I’m also using Bench in a research setting, where session data helps generate detailed methodology reports showing how results were obtained. I’m already finding it useful, and I think there’s a lot more to unlock there!

Looking forward to your thoughts. I want to make Bench as useful for other devs as it's been so far for us, and your input really matters!

I've been thinking about this for a while now. Traditional git style version control is not optimal for the AI coding era. You lose information from your claude code terminal or your AI coding tool of choice. Cool to see this getting productize. Congrats on launch!

Great looking observability layer to see what's happening behind the scenes! I think it will surely help teams optimize their processes.

Congrats on the launch!

Now add observability + failure handling, otherwise it’s just scheduled guessing.

Nice.

Most people don’t need logs.

They need to understand why the agent made a bad decision and how to prevent it next time.

I love finding Claude Code related products daily on PH. This looks great!

Claude Code is so capable that we end up trusting it a little too much.

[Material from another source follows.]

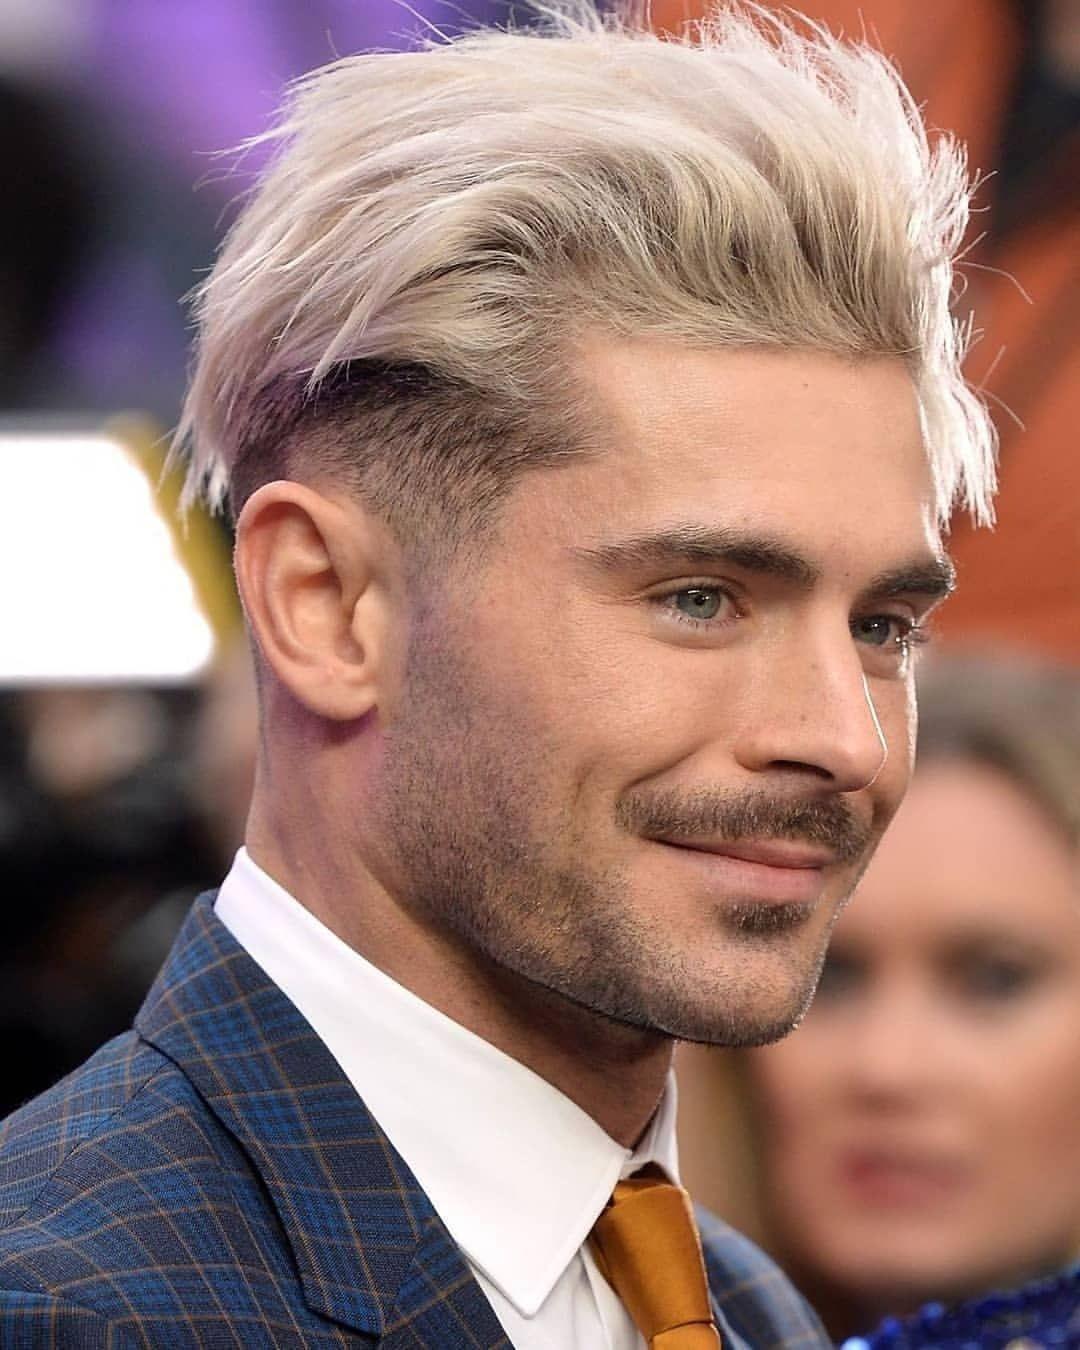 Pin On Hair Shortlist October 2019

But that's exactly when things get interesting:

  • I've had it silently migrate my local DB to an incompatible version while fixing a bug.

  • Another time, Claude decided the only way it had to fix an issue with a particulary inefficient for loop, was to turn off my audio drivers.

The real problem isn't that it made mistakes. It's that I had no way to go back and understand what it did, when, and why, to learn from it and finetune my prompts. Sure, I could just scroll the claude logs, but what if the "failures" weren't apparent until much later? Or what if the issue was at step 315 out of an hour-long agent run of 500 steps?

That's why Bench is a big deal. Not just a logger, but an audit trail that makes agent actions legible: every tool call, file change, conversation, subagent detail, all is there for you for as long as you need it, searchable and shareable. A great way to "share your context" to your colleagues, as well as being what I really needed to learn from my mistakes and improve in terms of prompt writing!

I’m curious how detailed the tracking is. If I can really see every tool call and file change clearly, I can imagine using this for debugging more than anything else.

Being able to attach session history to PRs is a really smart idea. Makes collaboration much easier.

Cograts on the launch. I can see this becoming essential for teams using AI agents regularly, especially when debugging or reviewing work.

How granular is the session tracking? Can you trace decisions step-by-step or it is more of a high level overview?

How granular is the session tracking? Can you trace decisions step-by-step or it is more of a high level overview?

How deep does it go when tracking tool calls and file changes across a session?

I’ve been using Claude Code quite a bit, and I often lose track of what actually happened in a session. This idea of being able to go back and inspect everything feels really useful for me.